Using your Smoke X2™ is perfect for this, as you can keep the receiver with you and see the temps anywhere in your house without having to get your phone out. You can set a high-temp alarm for your meat and know when it gets there without any trouble. Naturally, you’ll want to verify that temp with your Thermapen® ONE to make sure you didn’t just set the probe in a warmer part of the belly.
Braided pork belly cooking temps
We want the meat to taste smoky, not like a campfire, but seasoned nicely with some smoke. So we’re going to start it out at 250°F (121°C). About two hours at that temp will impart a good amount of smoke, then we can change the environment to speed the rest of the cook.

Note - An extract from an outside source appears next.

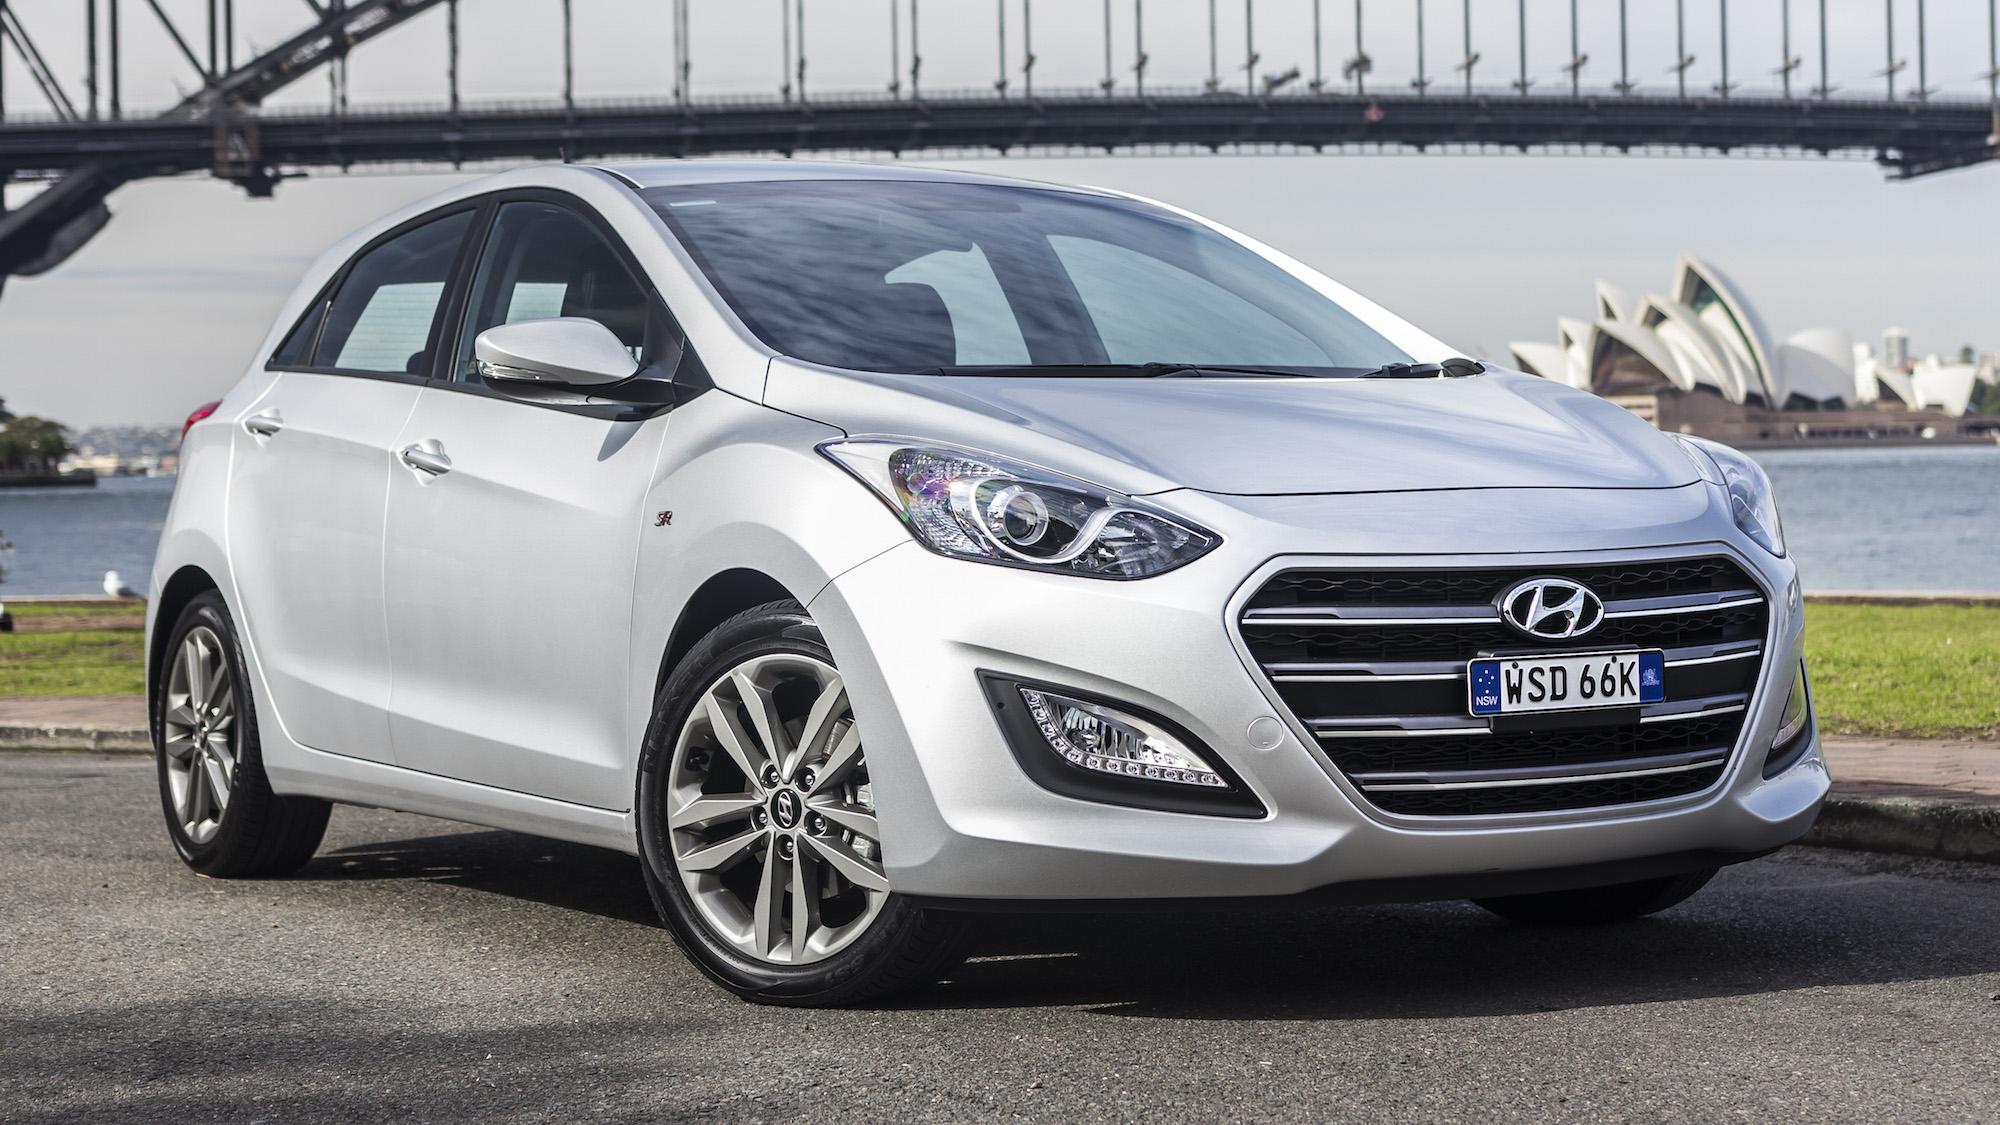 2016 Hyundai i30, Tucson, Santa Fe pick up Apple CarPlay in

Once the meat has been in for 2 hours, we wrap it in foil to move its temperature more quickly. By wrapping it we create a high-humidity environment that will move the temp along without stalling at all. And because we already have good smoke flavor and the meat is protected by foil, we can also turn up the heat in the smoker. Going up to 300°F (149°C) is perfect. Of course, throughout this project you’ll want to be keeping an eye on the pit temp with your Smoke X2.
When the meat reaches its target pull temp, unwrap it, sauce it and continue to cook it until the sauce sets and becomes glazey-sticky. This is not only delicious and gorgeous, but it also gives the pork a little more time for collagen dissolution. Win/win.
For your next cookout, you might want to give this a try. It’s a delicious dish, it’s a stunning presentation, and, if you follow our temperature advice, it’s going to turn out just right. It’s the tastiest loaf of meat you’ll have made in some time, that’s for sure! Give it a try and pass the knowledge on to your friends and neighbors. Happy cooking!Print
A smoked pork belly, braided like a bread loaf—why not!
- 1 slab pork belly, about 5 pounds
- Plenty of BBQ rub (we chose an Asian-inflected one for this)
- Your favorite BBQ sauce that matches your rub (we used a good spicy one with some oyster sauce mixed in)
- Preheat your smoker to 250°F (121°C). Use your Smoke X2 to monitor the pit temp throughout the cook.
- Prepare the belly for braiding by cutting it into four strands. Cut long slits through the meat starting one or two inches from one of the short sides.
- Season the strands well on all their sides.
- Fan out the strands and braid in the following order: move 4 over 2, move 1 over 3, move 2 over 3. Repeat.
- Pin the loose ends together with a skewer or sew them together with some butcher’s twine and a thick needle. (Obviously, remove the needle.)
- Place the meat in the smoker, insert a probe in it and connect it to your Smoke X2. (This is more for monitoring purposes than anything else at this point.)
- Cook the meat for 2 hours, then wrap it in aluminum foil, re-insert the probe, and set the high-temp alarm on the meat channel to 165°F (74°C). Put the meat back in the smoker and turn the smoker temp up to 300°F (149°C).
- When the high-temp alarm sounds on your meat channel, check the belly in a few places with your Thermapen ONE to make sure the whole thing has reached the target temp.
- Unwrap the braid, put it back in the smoker, and brush it with your sauce. Cook about 30–45 more minutes, until the sauce sets up.
- (Total cook time will be somewhere in the vicinity of 4 to 6 hours, depending on several factors.)
- Remove the meat from the smoker, take a bunch of pictures—if you want to—and carve it up! Get some good sandwich bread for it, or just go to town with your fingers!